Change default max partition bytes in DR consumers #28417

ballard26 · 2025-11-07T01:21:05Z

Prior to this PR the default max partition bytes was 1MiB. The default min fetch bytes was 5MiB. And the max wait ms was 500ms.

In cases where only one partition on the shadow cluster shard was being produced to these defaults limited our consumer throughput to 2MiB/s. This is since we'd only be able to read 1MiB every 500ms from the one partition with new data. And in cases where the throughput to that partition exceeded 2MiB/s we'd see lag increase indefinitely between the source and shadow cluster because of this.

Hence this commit sets max partition bytes to equal min fetch bytes to prevent this issue.

Backports Required

Release Notes

none

Copilot

Pull Request Overview

This PR addresses a throughput limitation in disaster recovery (DR) consumers by increasing the default maximum partition bytes from 1MiB to 5MiB. The change resolves a scenario where consumers were artificially limited to 2MiB/s throughput when consuming from a single active partition, caused by the mismatch between the 1MiB max partition bytes and 5MiB min fetch bytes settings combined with a 500ms max wait time.

Key Changes:

Increased default_fetch_partition_max_bytes from 1MiB to 5MiB to match the default min fetch bytes setting

ballard26 · 2025-11-07T01:22:25Z

Another option here is lowering the fetch min bytes to 1MiB. Either would prevent the issue from occurring.

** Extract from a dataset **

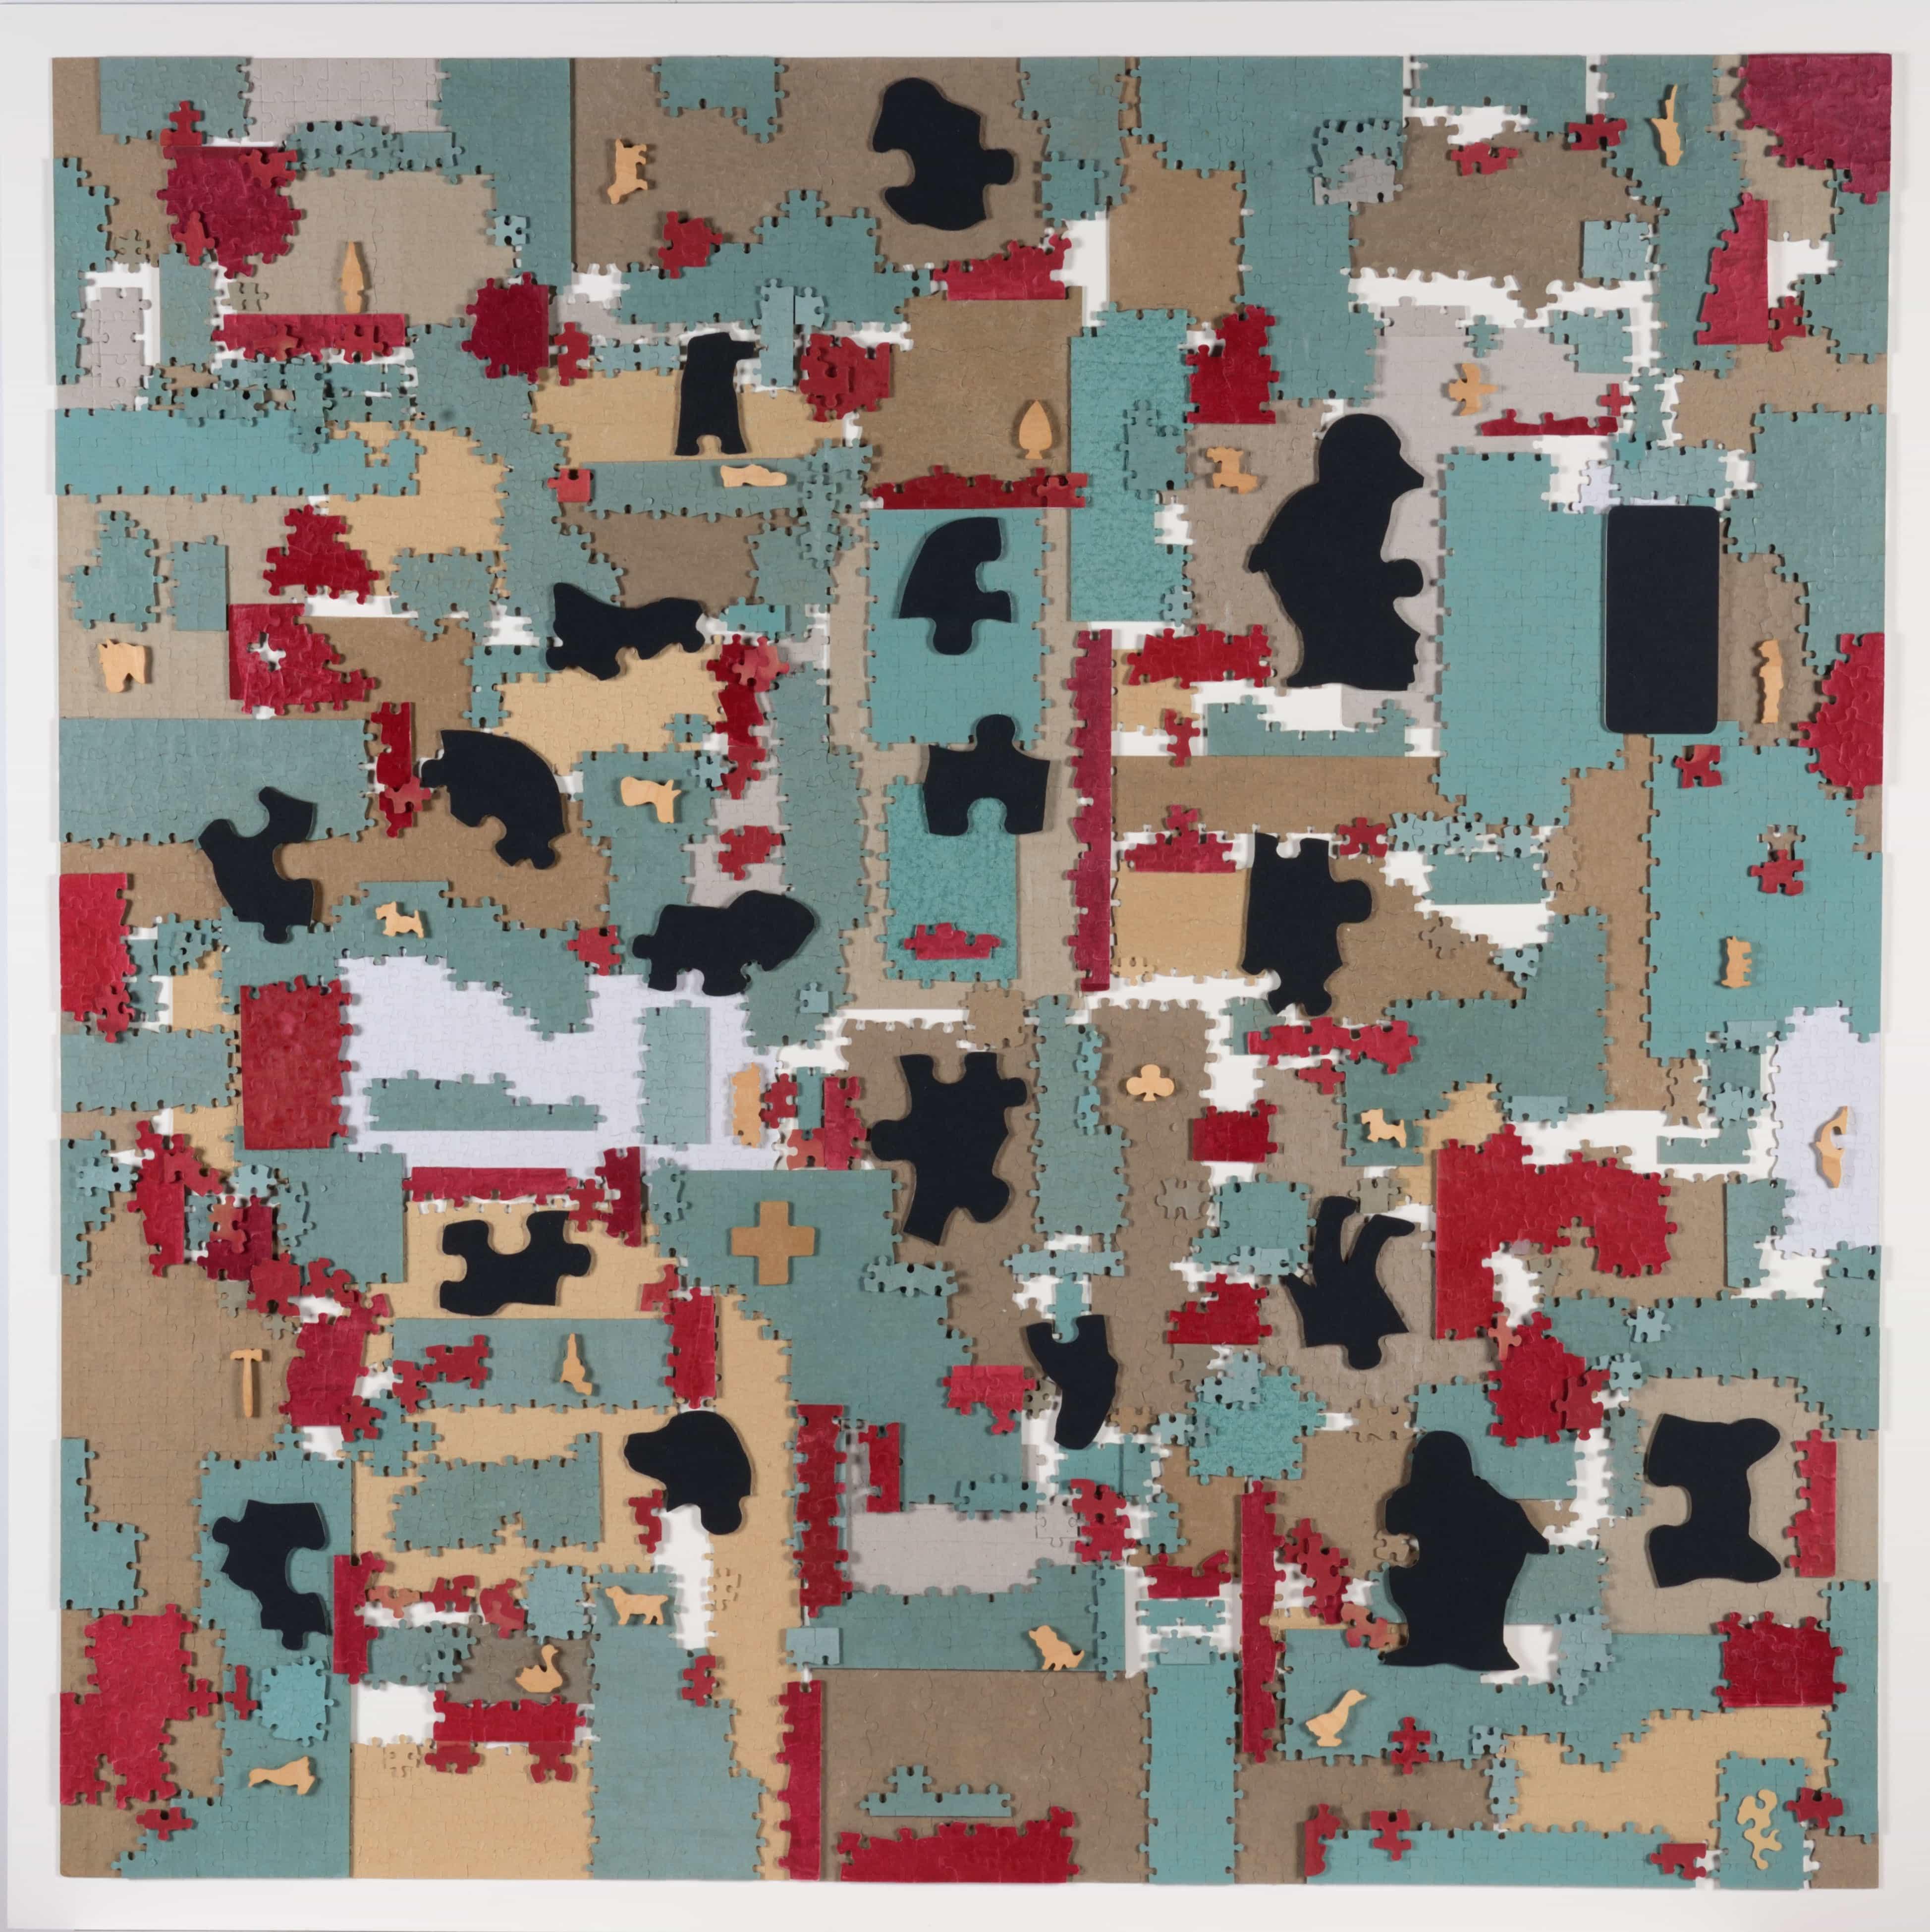 Andrew Seward, Les Moutons De Panurge

vbotbuildovich · 2025-11-07T03:10:57Z

Retry command for Build#75796

please wait until all jobs are finished before running the slash command

/ci-repeat 1
tests/rptest/tests/cluster_linking_e2e_test.py::ShadowLinkBasicTests.test_create_default_link

ballard26 · 2025-11-07T03:44:53Z

tests/rptest/clients/admin/proto/redpanda/core/admin/v2/cluster_pb2.pyi

    ORDER_BY_FIELD_NUMBER: builtins.int
    page_size: builtins.int
-    'The maximum number of connections to return. If unspecified or 0, a\n    default value may be applied. Note that paging is currently not fully\n    supported, and this field only acts as a limit for the first page of data\n    returned. Subsequent pages of data cannot be requested.\n    '
+    'The maximum number of connections to return. If unspecified or 0, a\n    default value may be applied. The server may return fewer connections\n    than requested due to memory constraints; the limit is set to allow\n    listing all connections for a single broker. Consider filtering by\n    node_id to view connections for specific brokers. Note that paging is\n    currently not fully supported, and this field only acts as a limit for\n    the first page of data returned. Subsequent pages of data cannot be\n    requested.\n    '


I'm guessing someone forgot to run task rp:generate-ducktape-protos after modifying the cluster proto at some point. Happy to separate this into a separate commit if folks want.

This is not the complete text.